Galvanizzato dall’ascolto dei nastri del padre, Ben decide di fondare i Sylvie, insieme ai cantautori Marina Allen e Sam Burton. I tre si riuniscono nel garage di Ben nella sua abitazione di Silverlake, quasi volendo ripercorrere il viaggio dei Mad Anthony in California. Riuniscono qualche giovane amico musicista, rimettono in ordine le melodie, scrivono i testi, richiamano dall’Ohio persino papà John, che canta due canzoni. Fanno uscire prima un ep, poi l’lp omonimo Sylvie, quest’ultimo pubblicato lo scorso 14 ottobre per l’etichetta indipendente Full Time Hobby.

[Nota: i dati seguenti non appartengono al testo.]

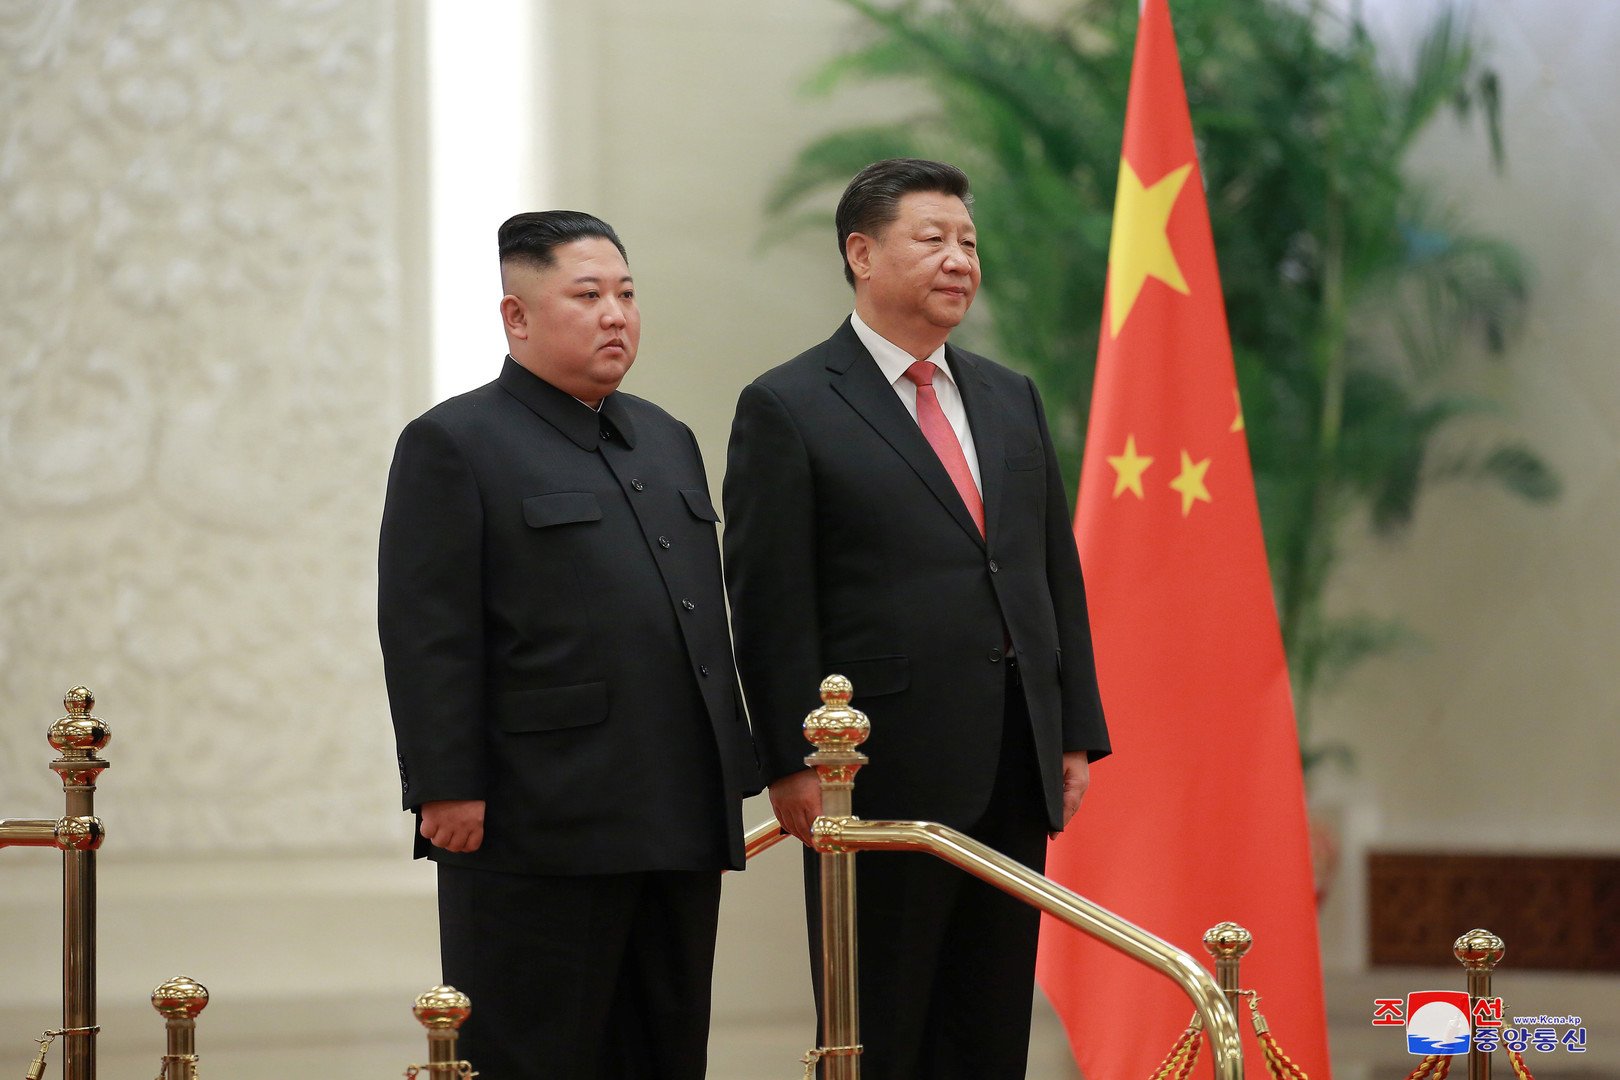 رئيس الصين يزور كوريا الشمالية في زيارة هي الأولى لرئيس صيني منذ 14 عاما
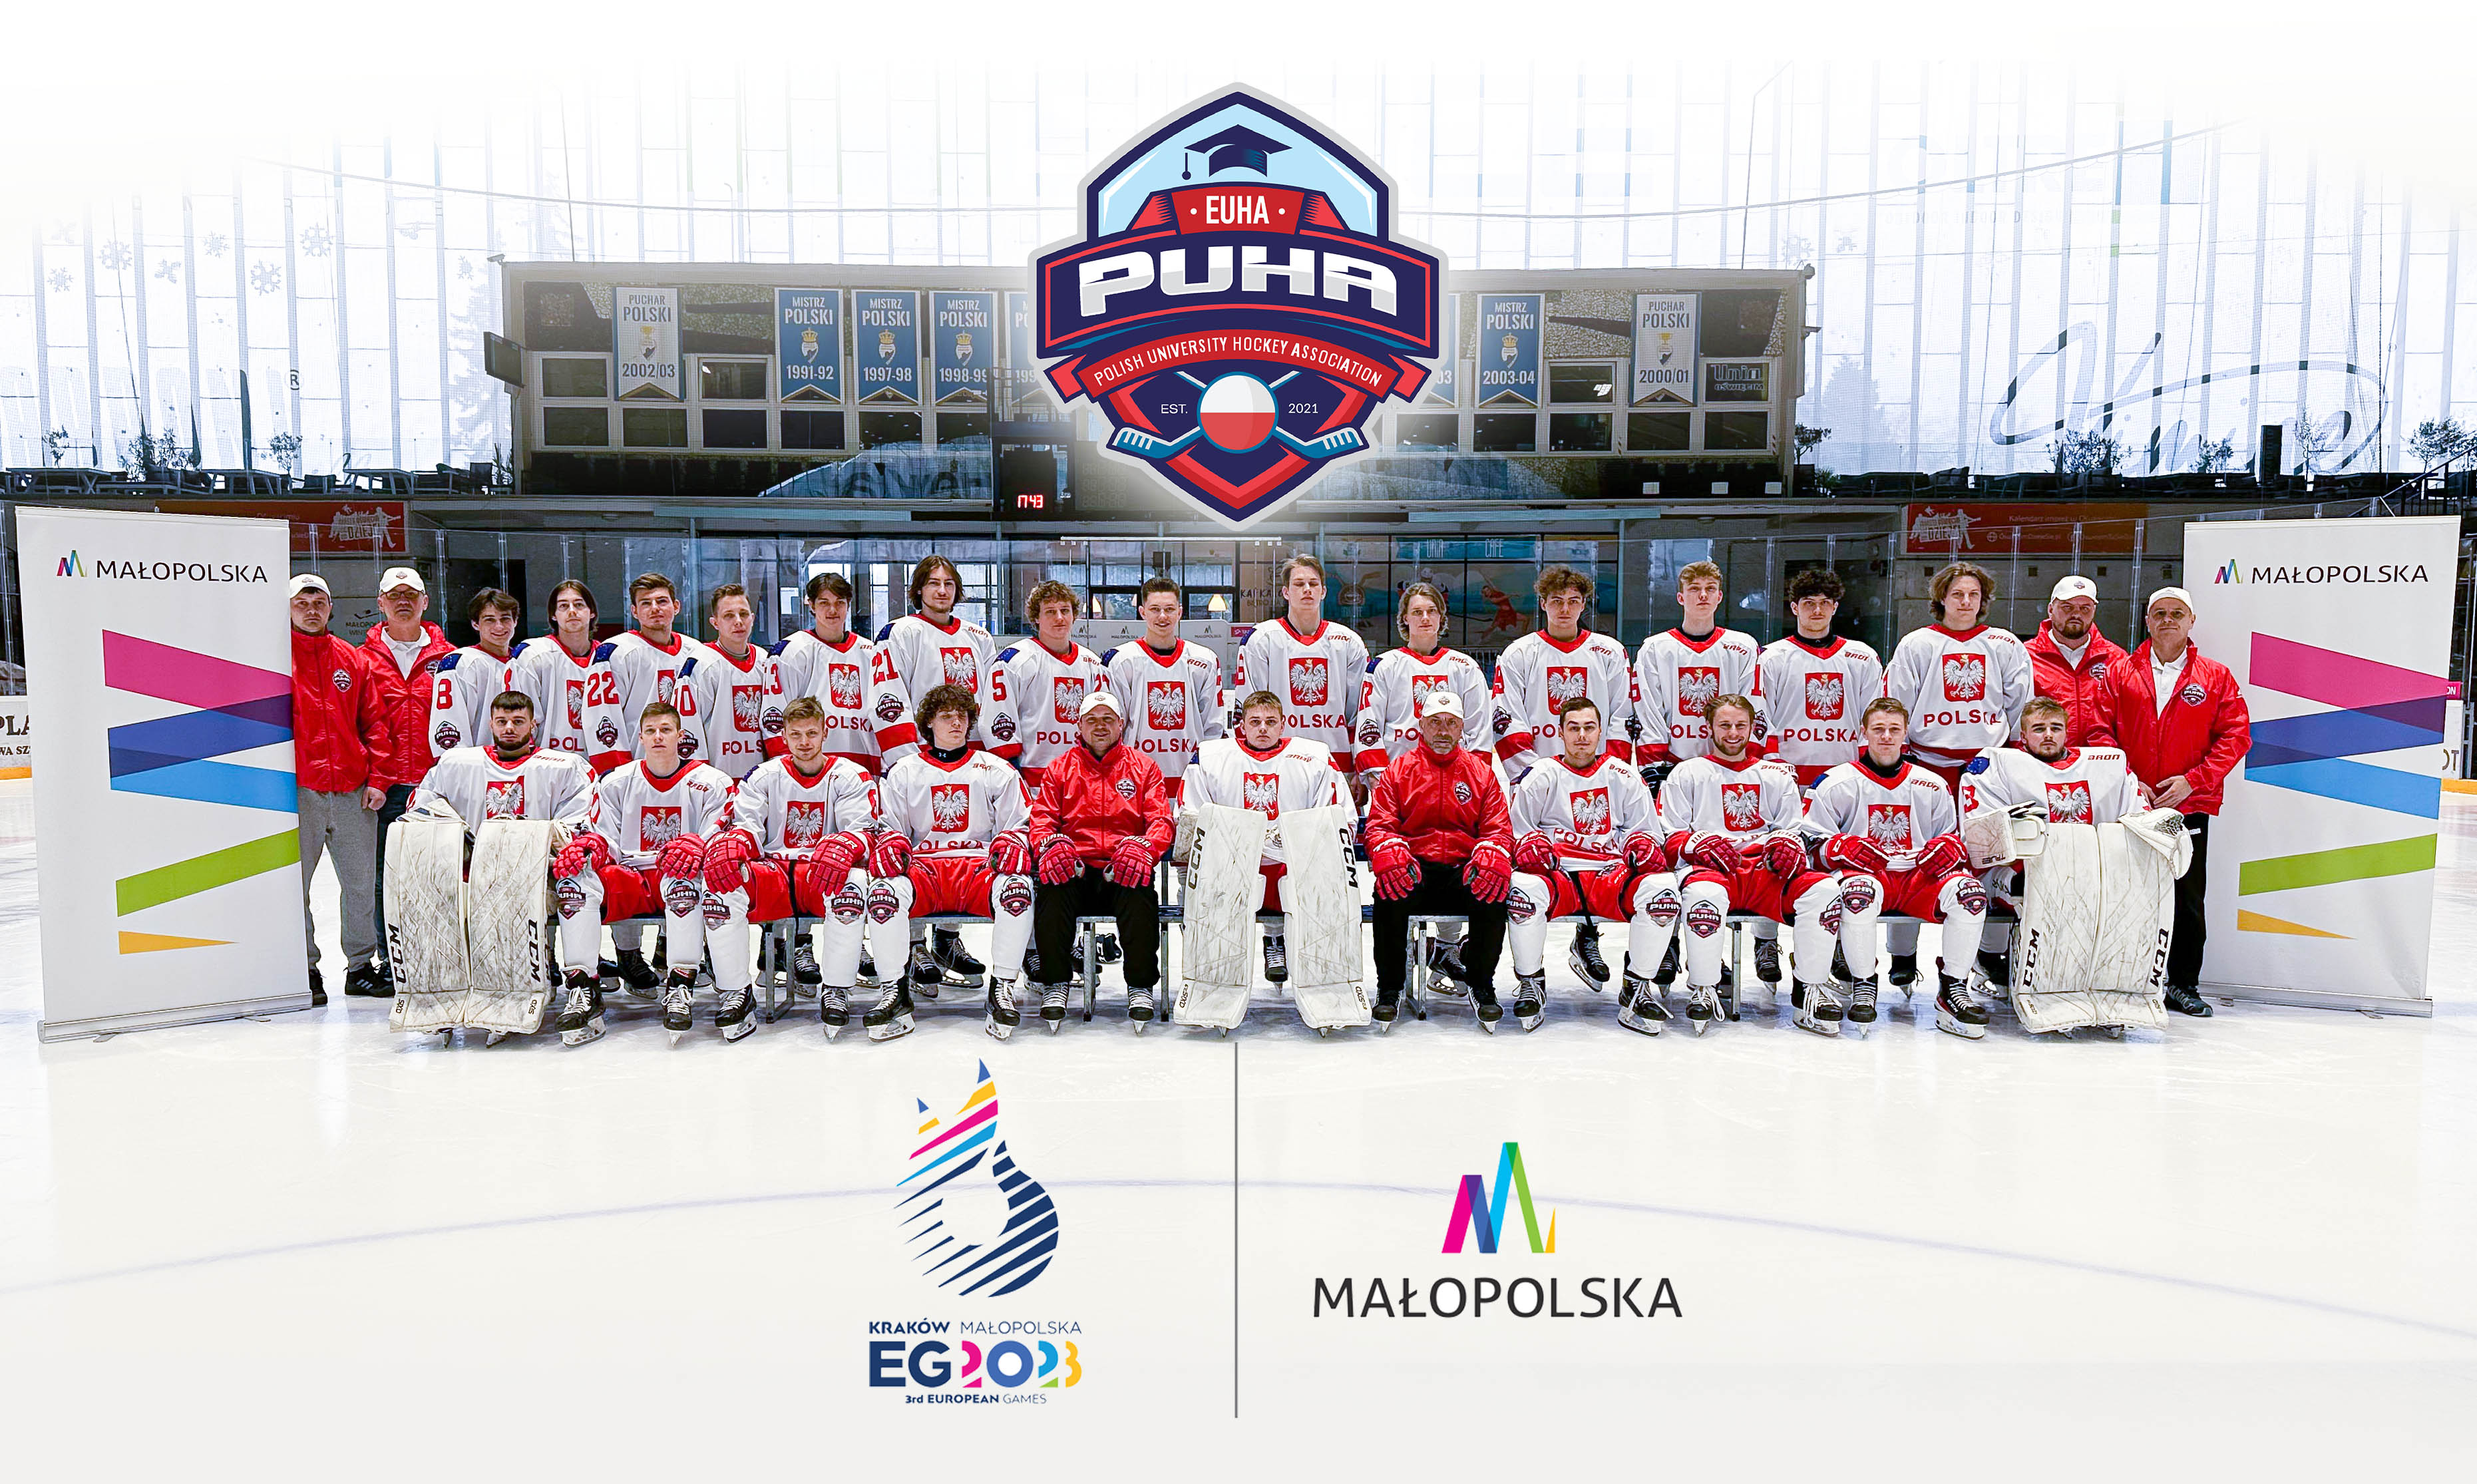 Na zdjęciu uniwersytecka reprezentacja Polski w hokeju na lodzie na pamiątkowym zdjęciu na oświęcimskim lodowisku

Le sette canzoni di Sylvie si dipanano come un racconto fiabesco, accompagnate da un’acustica leggera e da una tastiera che compare timidamente nelle tracce. I ritmi sono lenti, le percussioni avanzano semplici, talvolta finiscono per essere sopraffatte dall’elettrica, che padroneggia le tracce con accordi e assoli acuti, fino a trasportare l’ascoltatore dentro un sogno. Un sogno che è tipicamente americano: la ricerca di una felice riuscita del progetto poco ambizioso ma molto spensierato – e per questo, attraente – di John Schwab e compagni. Ma c’è anche tanto realismo in Sylvie. Già dal primo brano, il gruppo mette in chiaro il suo obiettivo: non presentare al pubblico un tentativo goffo di emulare la scena musicale di Laurel Canyon, di quegli artisti che a differenza dei Mad Anthony hanno fatto carriera.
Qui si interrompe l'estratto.